Since with limited samples, the models developed may have potential to perform worse when applied to new patients, we further did experiments to evaluate the predictive models and to see how the performance of SLR depends on the sample size [39]. We randomly selected a given percentage of samples from the original training set with λ = 0.5³ to train the model, and then applied it to the test data. The percentage varied from 30 to 100 percent, with 100 percent corresponding to all the training samples. We repeated samplings for each percentage 50 times. The mean for all four evaluation criteria and the SD were plotted in Fig. 4. When the sample size increased, the accuracy, AUC and specificity all correspondingly increased, while SD decreased. Sensitivity was relatively stable and had a value around 0.80. Even with only 30 percent of the data, that is, only 33 training samples, the mean accuracy and AUC were around 0.70 and 0.67, which are higher than that obtained using ordinary LR and comparable to that using SSVM. When using 70 percent of the training samples, the number of which is less than 80, the results were much better than that of LR and SSVM, and became stable. These show the efficiency of the SLR model in our experimental settings.

Genotype analysis of all patients

To see the differences between the samples of different genotypes, we studied the samples of genotype C and genotype B separately. With the same model training method, we chose λ = 0.5⁸ and λ = 0.5³ for patients of genotype B and genotype C, respectively. The results for different λ’s are shown in Additional file 3: Figure S3, and the results for the chosen λ are listed in Table 4. Compared to results that using all the patients, the specificity increased and the sensitivity decreased for patients of genotype B. Meanwhile, the specificity decreased and the sensitivity increased by several fold for patients of genotype C.

Table 4 Classification results for HCC/CHB patients of different HBV genotypes using SLR

Full size table

We also performed cross-prediction as a check on prediction performance. We trained the model with genotype C or B patients in the training set and predicted the other genotype patients in the test set.
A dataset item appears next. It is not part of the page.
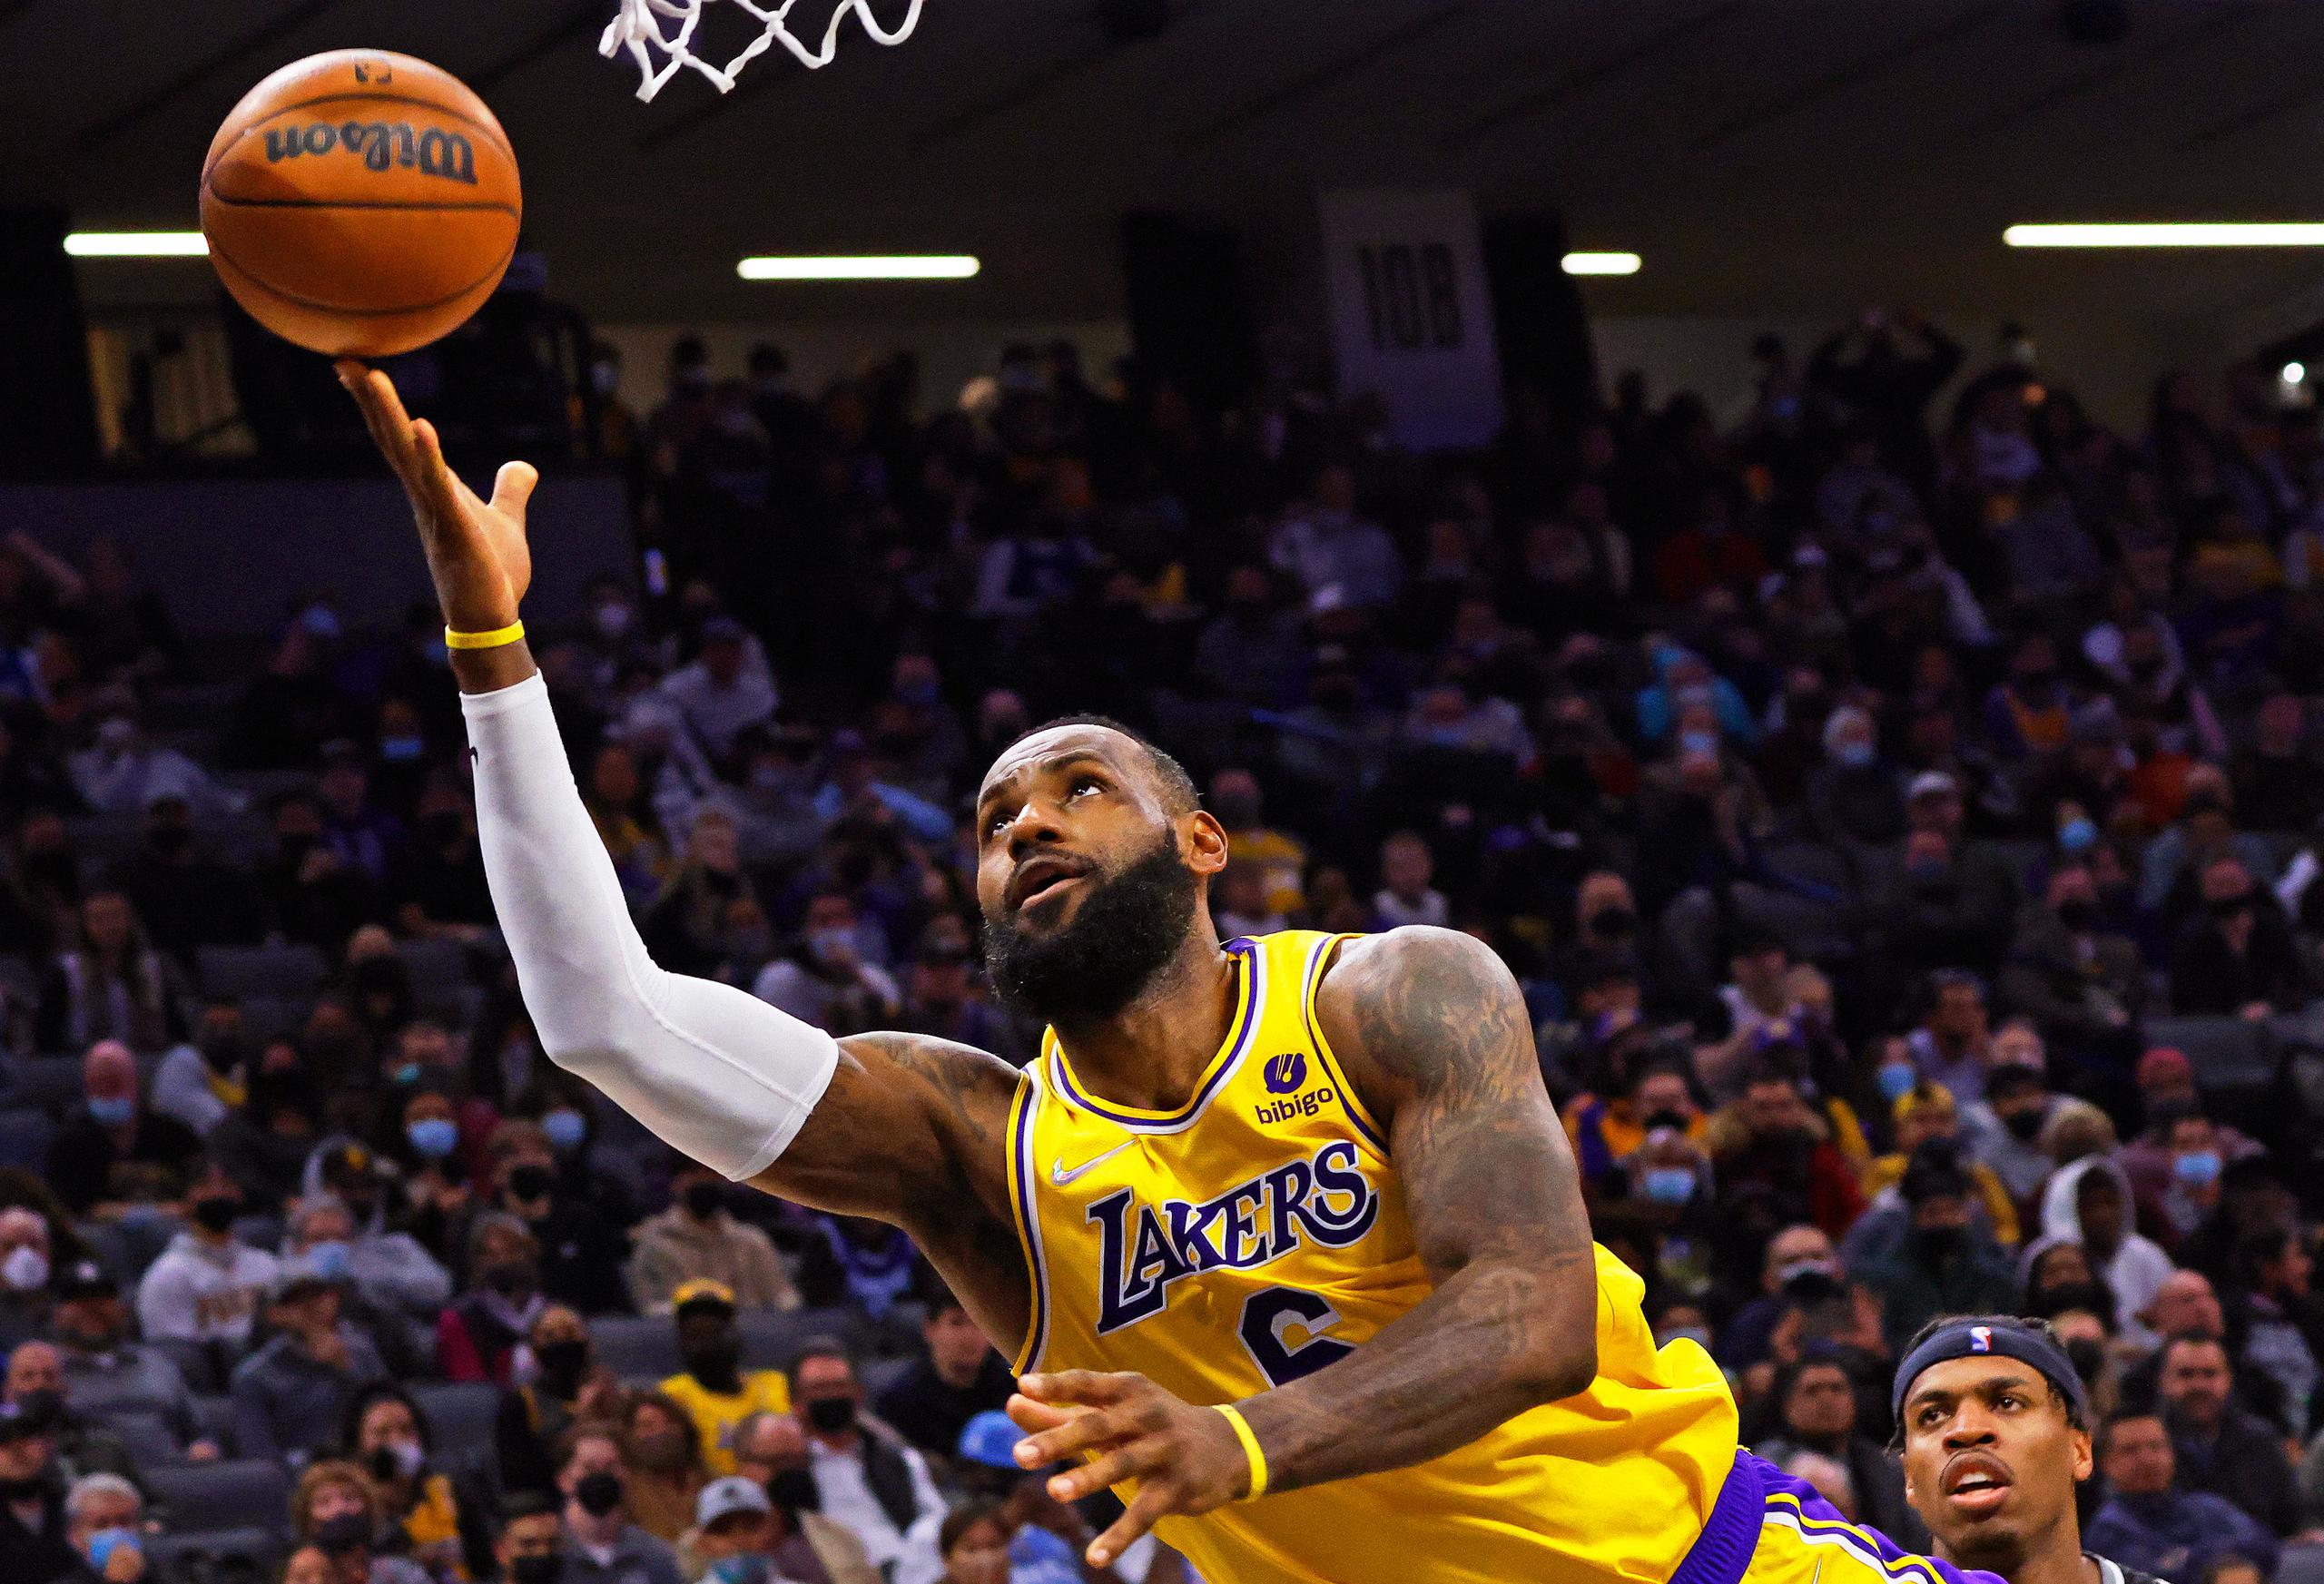 LeBron James y los Lakers perdían por 21 puntos en la primera mitad y luego vieron desvanecer una ventaja de nueve puntos en el periodo final. Hizo falta un triple doble de LeBron James en su retorno a juego luego de cinco partidos fuera debido a lesión para poder reponerse.

The results were added in Table 4. Accuracy and AUC were both comparable to those within the same genotype, while sensitivity and specificity showed more changes. Thus, for prediction purposes, this finding implies that we might combine all individuals together to produce a larger sample size, as demonstrated by our experiments.

Association between HBV quasispecies and clinical parameters in HCC patients

For the HCC patients, we investigated the associations between HBV quasispecies and clinical parameters. For the categorical clinical parameters and those quantitative parameters following non-normal distributions, we applied SLR. For the parameters following normal distribution, we applied SPLS [39]. Owing to the small sample size, we ran tenfold CV 50 times to choose the parameters λ, η, and κ. When we applied the SPLS model, η was set between 0.1 and 0.9 with a step size of 0.1, and κ varied between 2 and 10. If the AUC for the independent test was greater than 0.60, we took the clinical parameter as being associated with HBV quasispecies. Finally, we found that the serum indexes: hepatits B e antigen (HBeAg), HBVDNA, and alkaline phosphatase (ALP) were associated with HBV quasispecies. The classification results for different values of λ and η were showed in Additional file 4: Figure S4. Table 5 shows the classification results for the selected λ and η.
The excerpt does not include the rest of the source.